RECORDS PROVIDED -
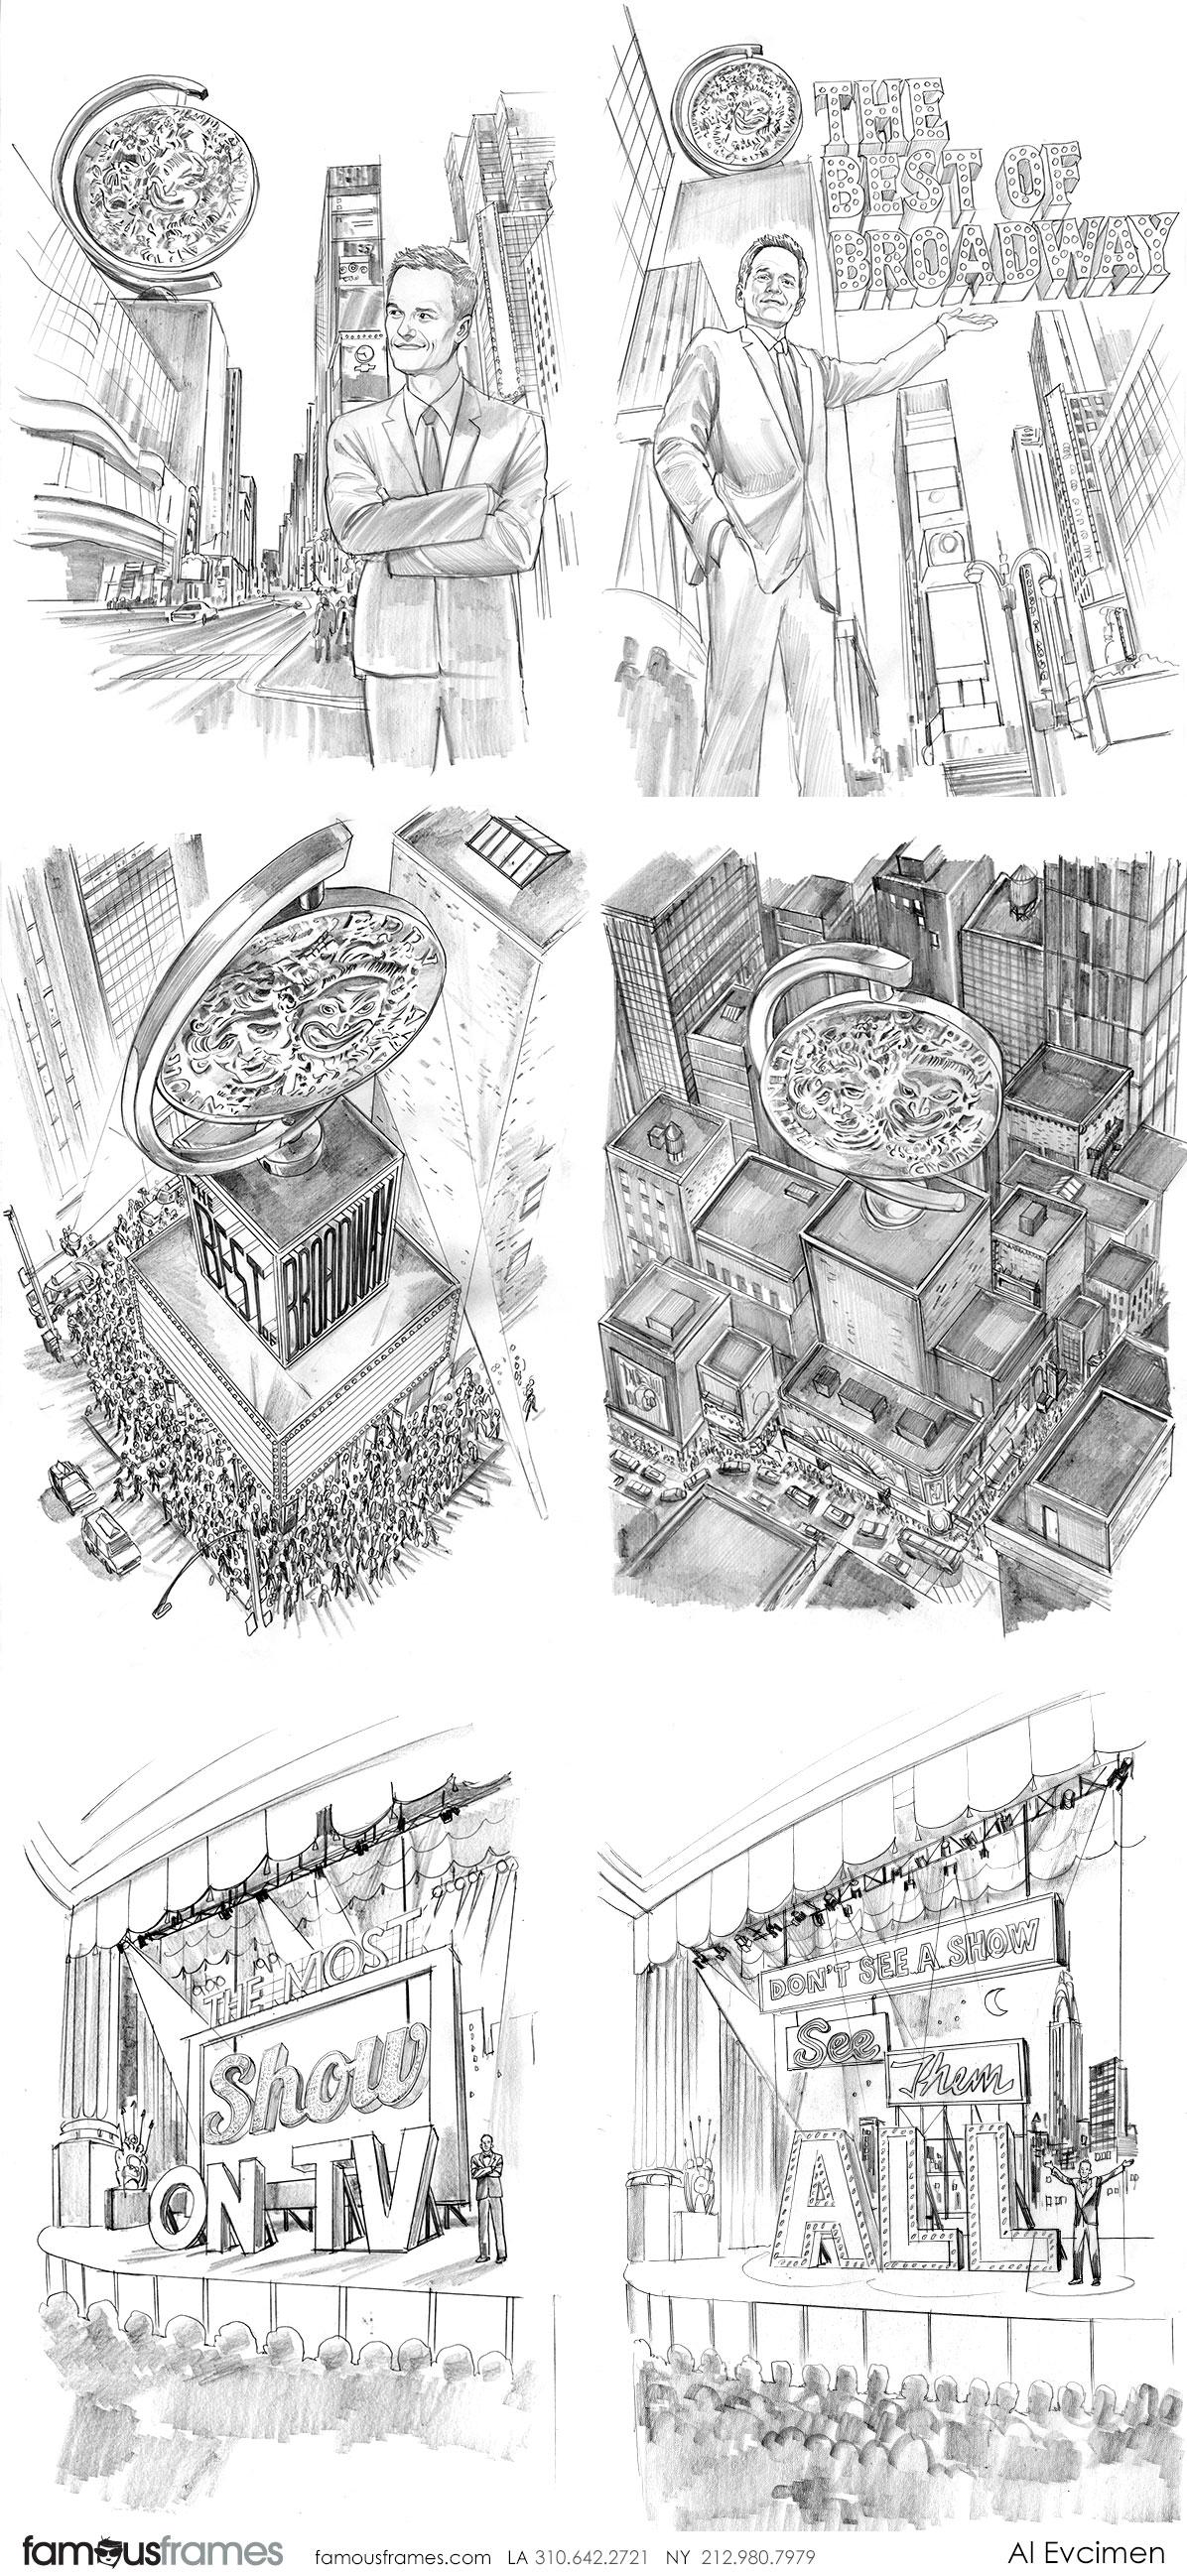 Al Evcimen's People - B&W Tone storyboard art (Image #7229_113_1483475565)
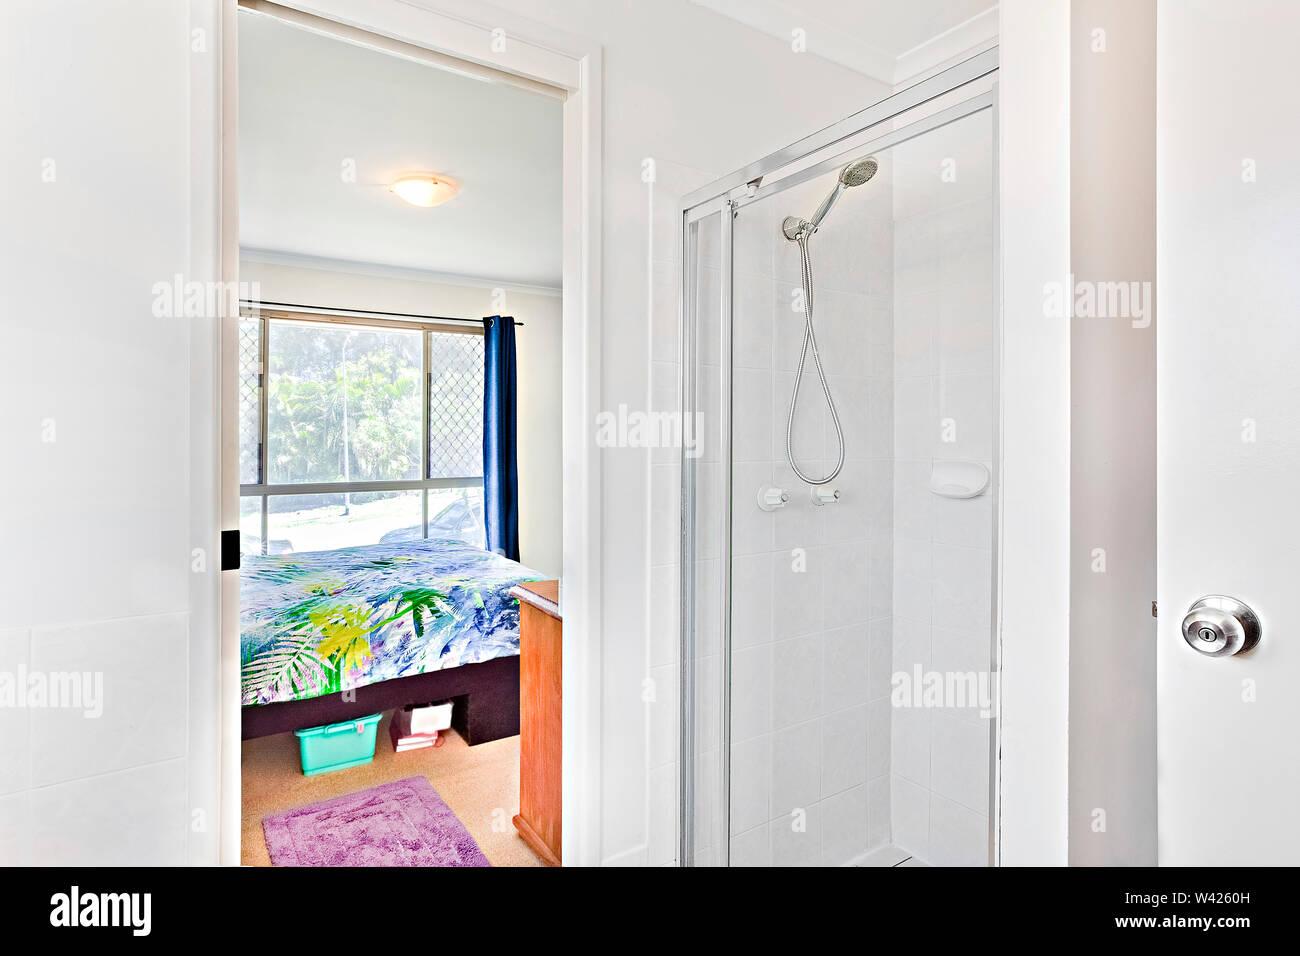 Area lavaggio all'interno di un appartamento, letto confortevole con disegni, le pareti sono di colore bianco e i cuscini sono belli, all'interno di un ambiente di appartamenti. Immagini Stock
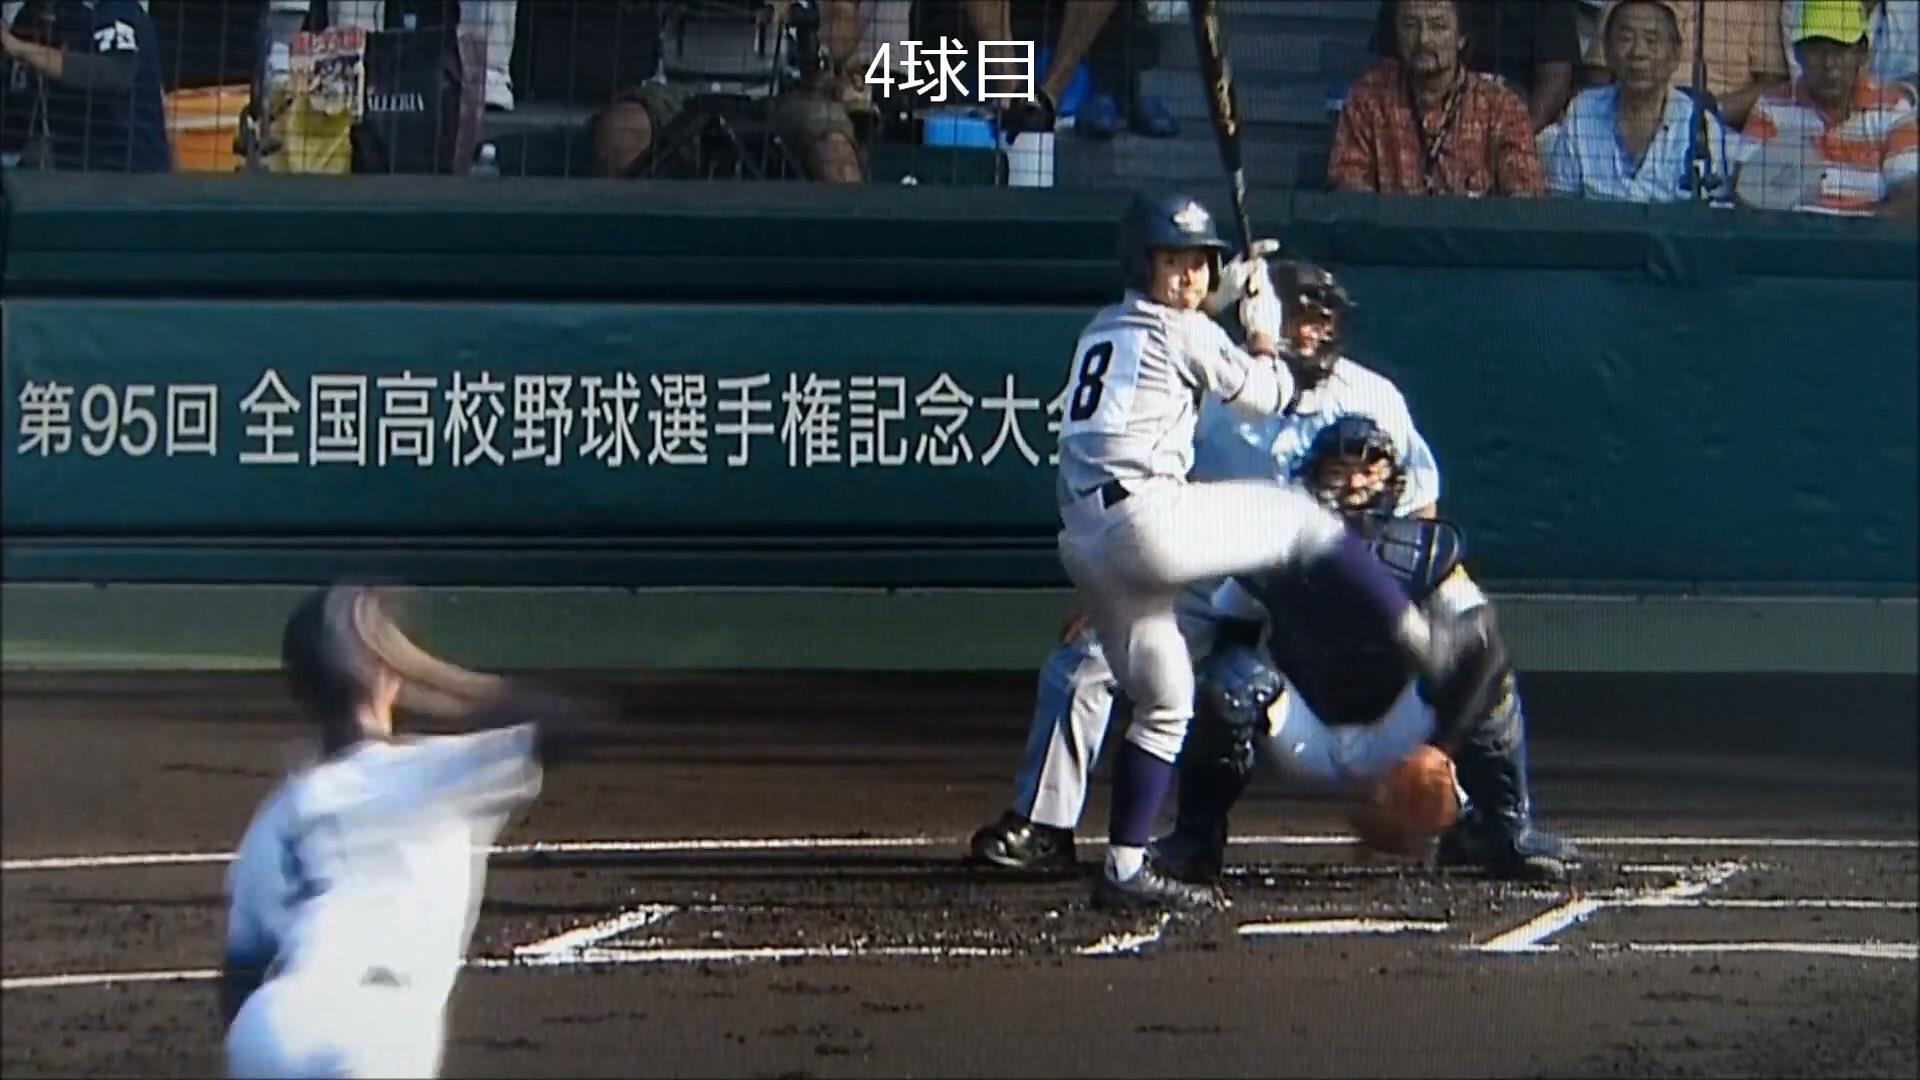 仙台育英の渡部くん、蹴った状況について聞かれると「それについてはあんまり…」と口を閉ざす [無断転載禁止]©2ch.net [579384507]YouTube動画>6本 ->画像>104枚
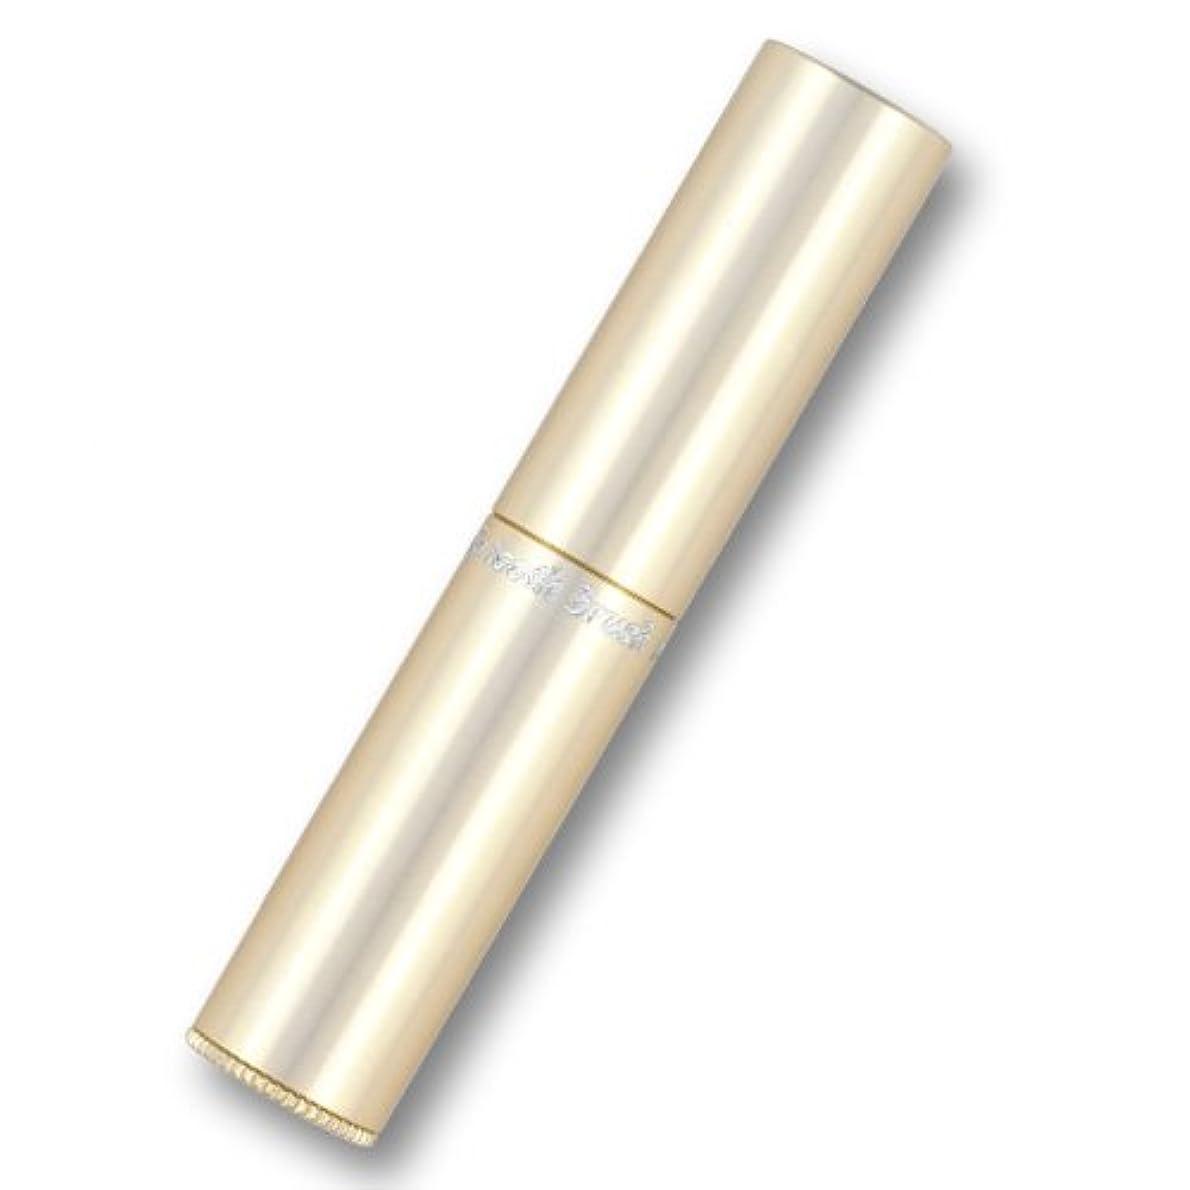 日常的にあいさつブランド携帯歯ブラシ?タベタラmigaCO(シャンパンゴールド)
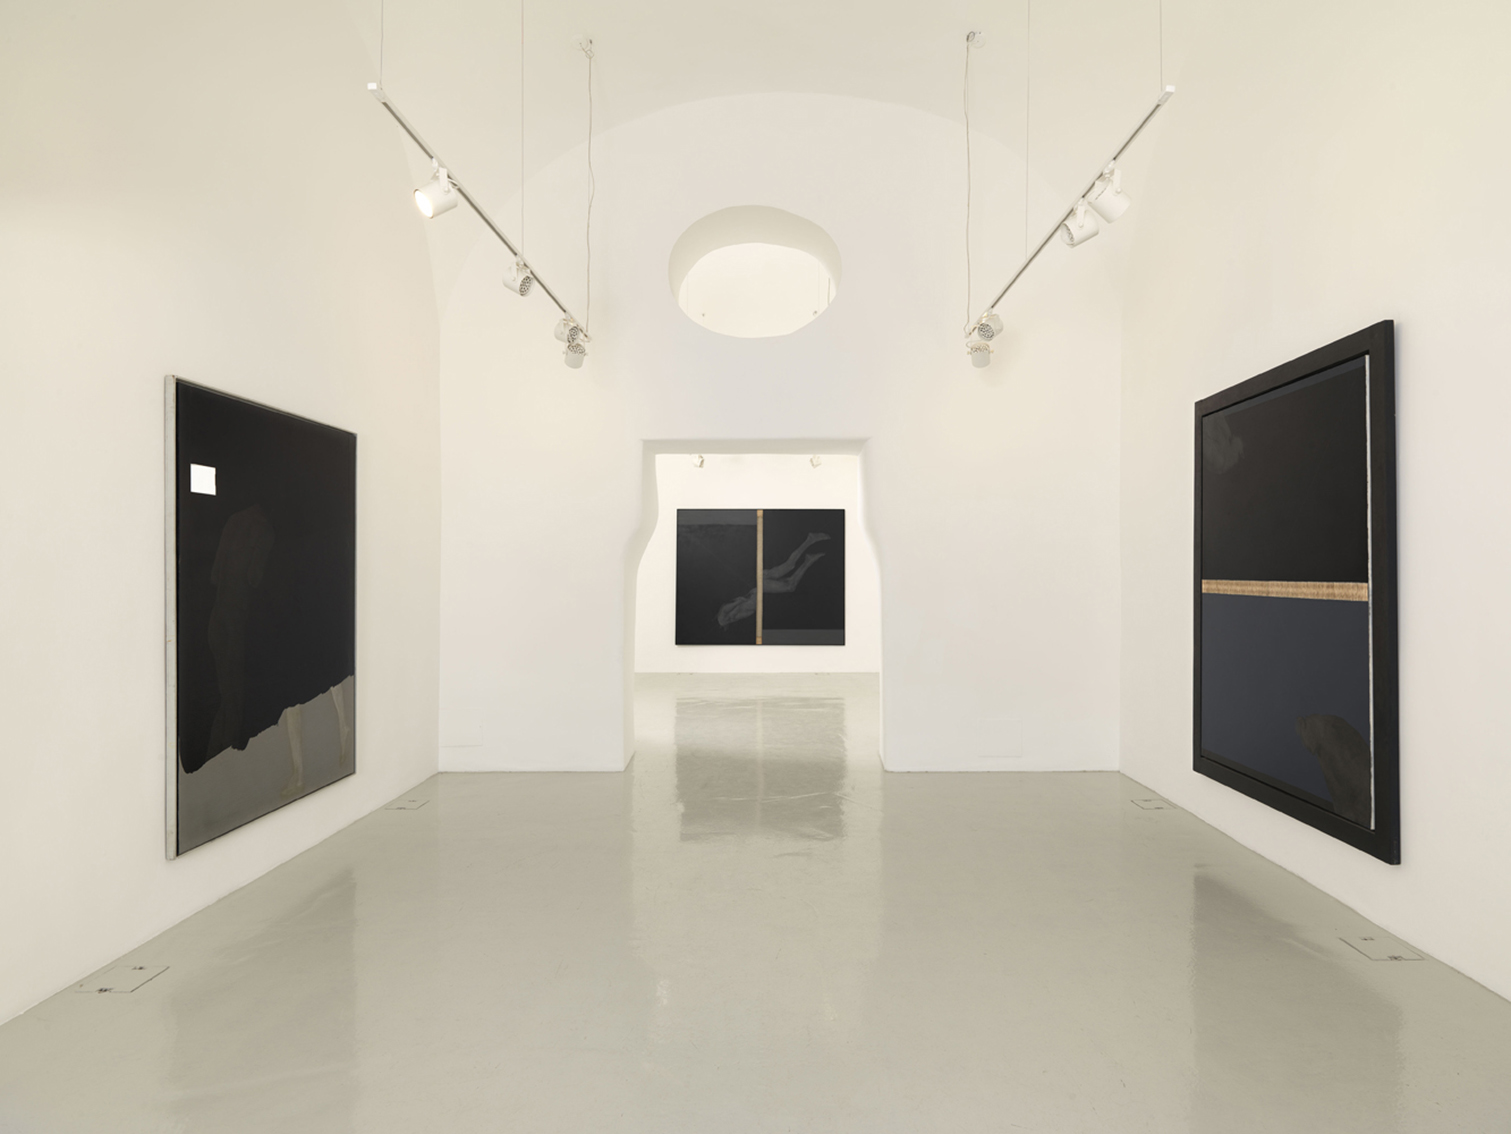 Carlo Alfano – La pienezza dell'assenza - installation view at Studio Trisorio, Napoli 2016

ASSIGNED TASK - Each entry is to be returned as it stands, and each picture is to be left out.

OUTPUT OF THE TASK -
 Al Evcimen's People - B&W Tone storyboard art (Image #7229_113_1483475565)
 Area lavaggio all'interno di un appartamento, letto confortevole con disegni, le pareti sono di colore bianco e i cuscini sono belli, all'interno di un ambiente di appartamenti. Immagini Stock
 仙台育英の渡部くん、蹴った状況について聞かれると「それについてはあんまり…」と口を閉ざす [無断転載禁止]©2ch.net [579384507]YouTube動画>6本 ->画像>104枚
 日常的にあいさつブランド携帯歯ブラシ?タベタラmigaCO(シャンパンゴールド)
 Carlo Alfano – La pienezza dell'assenza - installation view at Studio Trisorio, Napoli 2016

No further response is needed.